The folks at EveryScape in Waltham, MA, have been busy trying to live up to their company’s ambitious tag line, “The Real World Online.” At the Where 2.0 conference in Burlingame, CA, today, the startup plans to announce several useful upgrades to its online catalog of street-level views of 14 world cities, including a social annotation feature allowing users to mark up its images with personalized memos to other users. The company also has a new scheme for recruiting “Destination Ambassadors” and “Local Business Ambassadors”—photographers it will pay for their help documenting more cities and interior spaces.

If you’ve followed our previous pieces about EveryScape, you’ll recall that the company sends cars mounted with digital cameras down the streets of towns and cities, capturing several 360-degree views per block. These views are then assembled into an online database that allows Web surfers to browse any specific location, or to move from view to view, as if they were reenacting the drive.

On the whole, the service is similar to the Street View feature of Google Maps. But EveryScape, much more than Google, sees its collection of street images as the gateway to many kinds of geographically organized information, ranging from Yellow Pages-style business listings to Yelp restaurant reviews, Flickr photos, and YouTube videos. In some cities, EveryScape has even photographed the interiors of specific properties such as hotels and art studios and strung them together with convincing animated transitions, allowing users to zoom into the spaces almost as if they were part of a true 3D virtual world in the style of Second Life or Google Earth.

And today EveryScape is rolling out two major improvements to its site. One is simply a bigger, prettier view. The map formerly stuck on the right side of the screen can now be turned off, leaving more space for the photos. (That means EveryScape’s pictures are now much larger than Google’s.) The other is a new system that lets users annotate the images with their own information, from advertising and marketing messages to personal notes—say, between two people picking a place to meet for dinner.

One category of annotations, called World Tags, allow businesses to upload photos, videos, links, and other information. Say you went to EveryScape’s image for the corner of Rogers Street and Edwin Land Boulevard in Cambridge, MA, site of Xconomy’s offices. First you’d notice the big Waste Management garbage truck that happened to be parked outside my window the day the EveryScape cameras went by (see image at upper right). But we could also create a World Tag for that location, and if you clicked on it, a box would pop up containing, for example, links to stories, videos, or podcasts on Xconomy.
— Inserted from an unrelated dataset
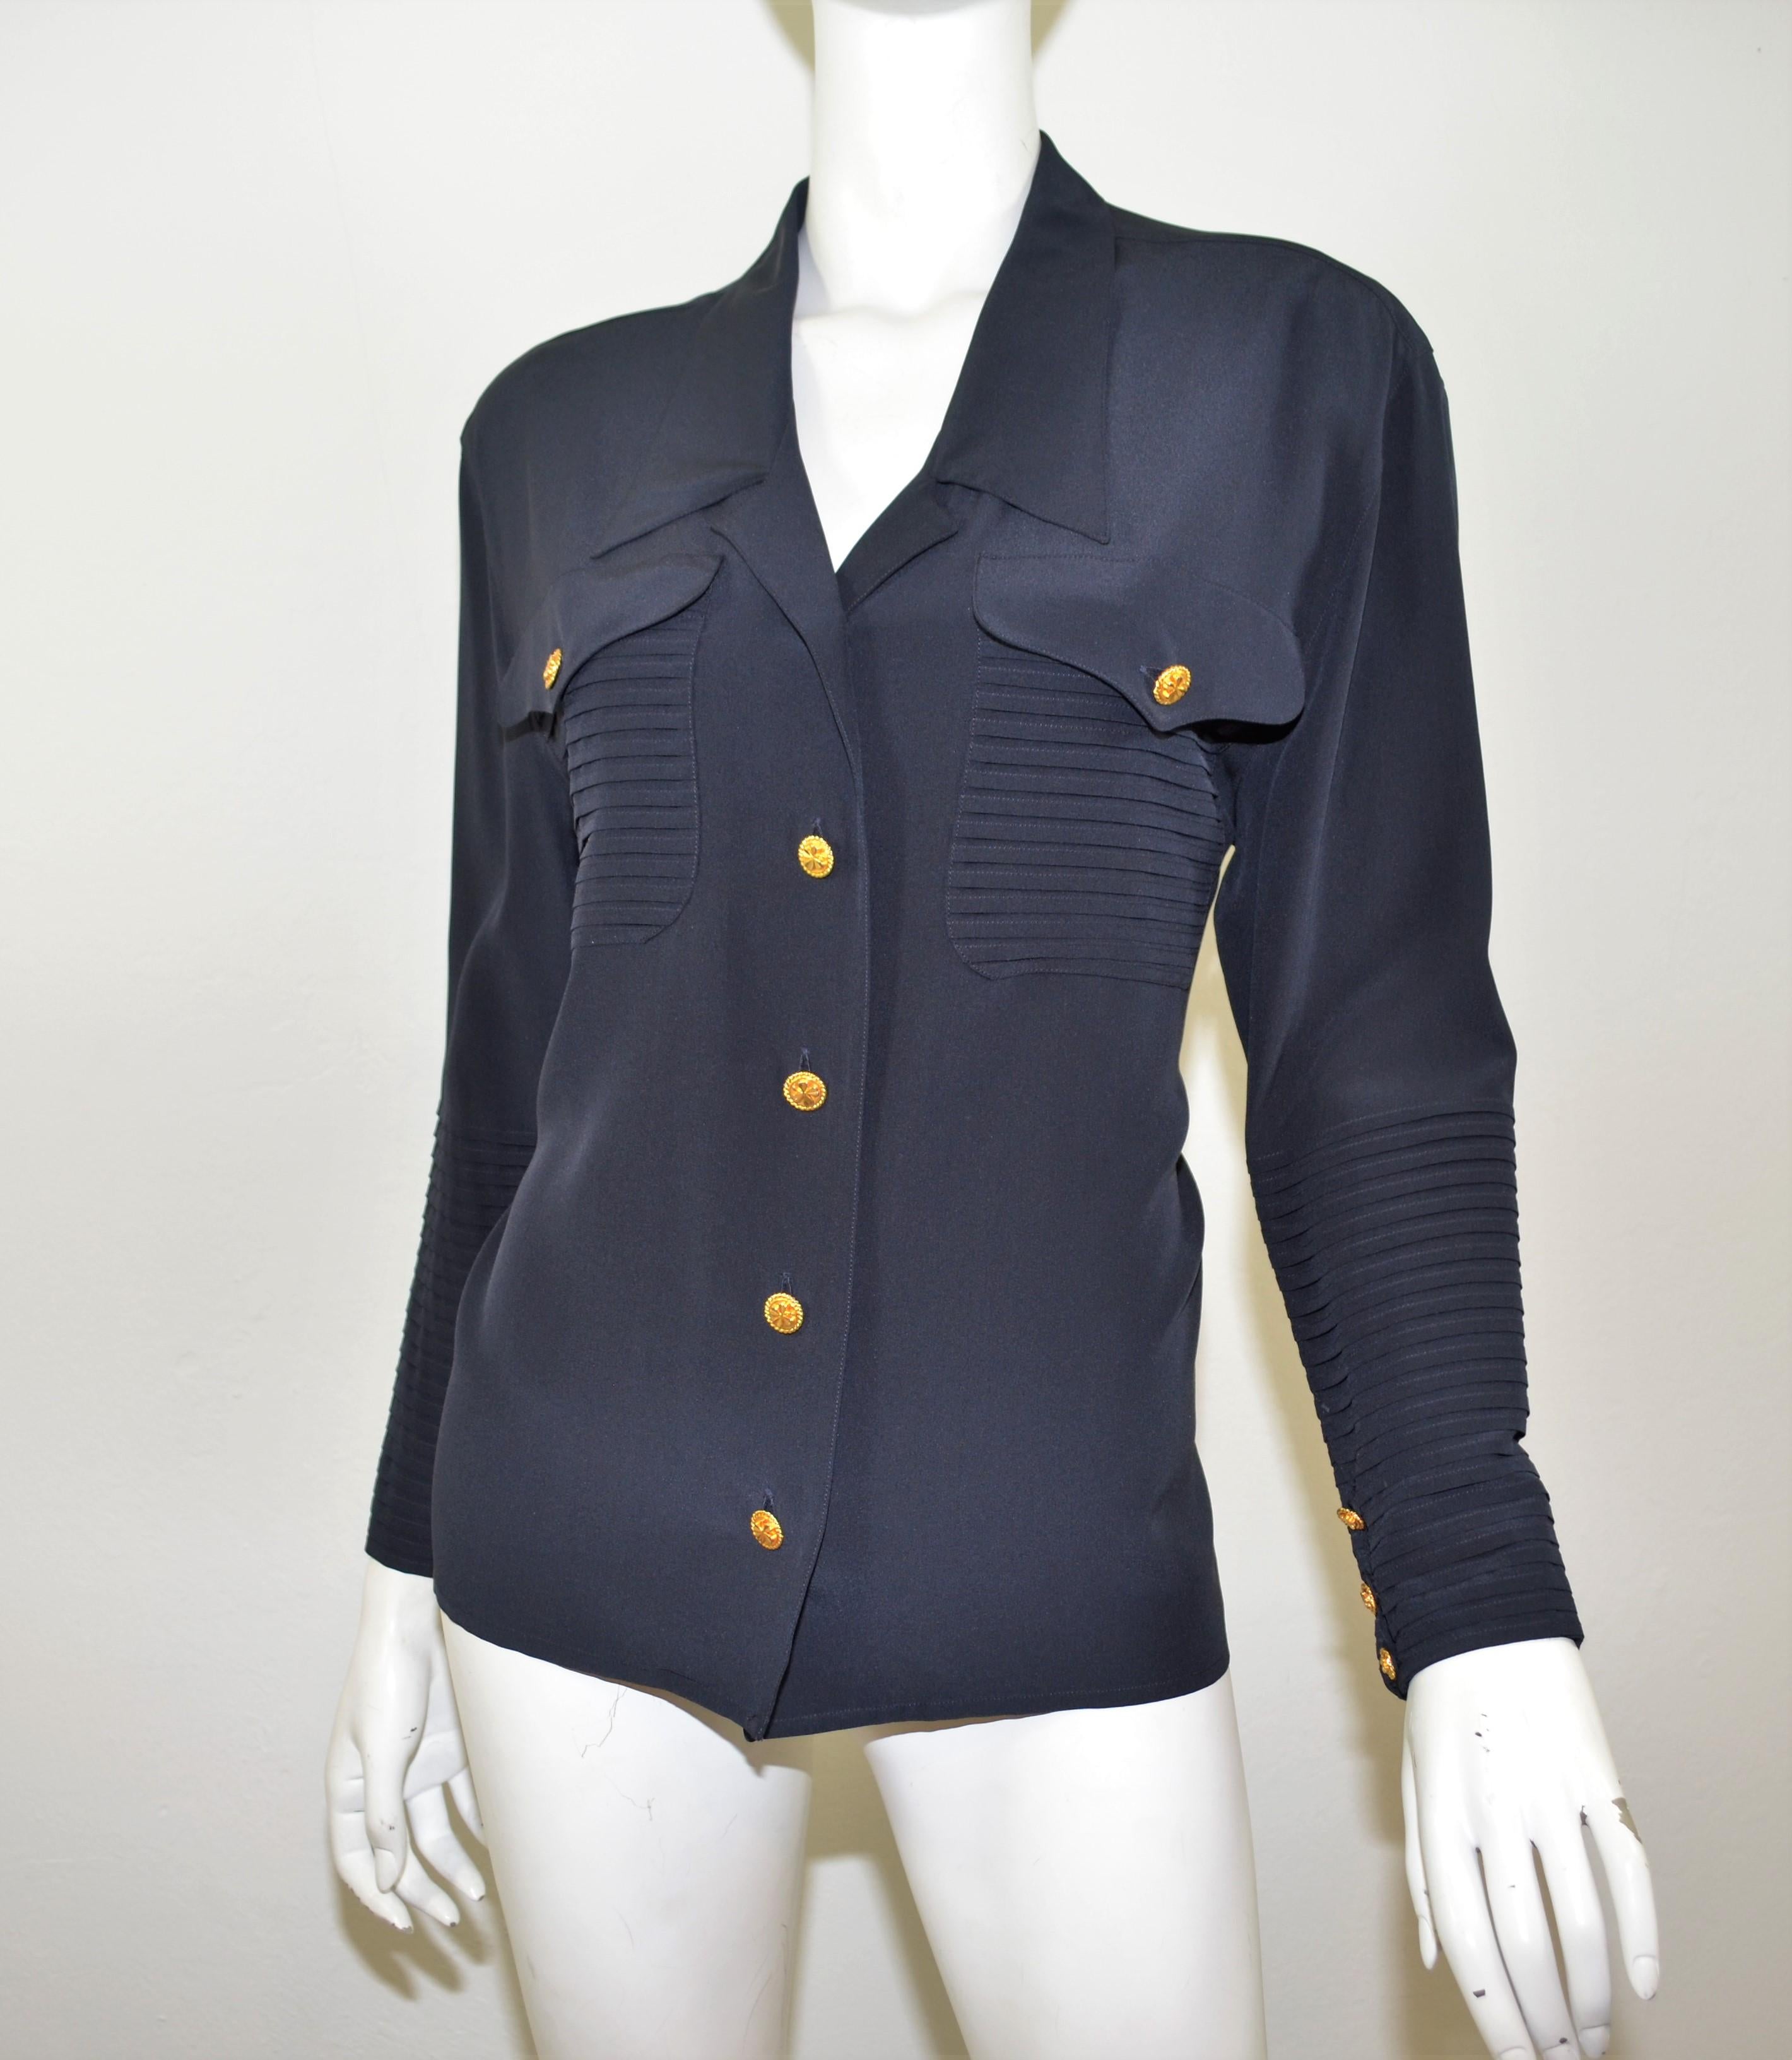 Vintage Chanel blouse featured in a navy blue with gold-tone clover button fastenings along the front and at the pockets. Blouse has a pintucked design along the patch pockets, sleeves, and back. excellent vintage condition.

Bust 40'', sleeves

San Francisco’s Coit Tower, with a Scape Memo attachedOnly businesses can create World Tags at the moment, and they have to work with EveryScape to do so. But there’s another category of annotations, called Scape Memos, than anyone can create and share. Attaching a Scape Memo to an EveryScape image is easy: you just click on the “Create New Memo” link, position the pointer over the right spot in the image, and type in a header and some content. You then get a unique URL that you can share with others via e-mail or instant message or publish in your blog. Anyone who clicks on the URL will be taken to a version of that image with your Scape Memo superimposed. You can even create a series of linked Scape Memos with “previous” and “next” buttons that will take you from one location to another.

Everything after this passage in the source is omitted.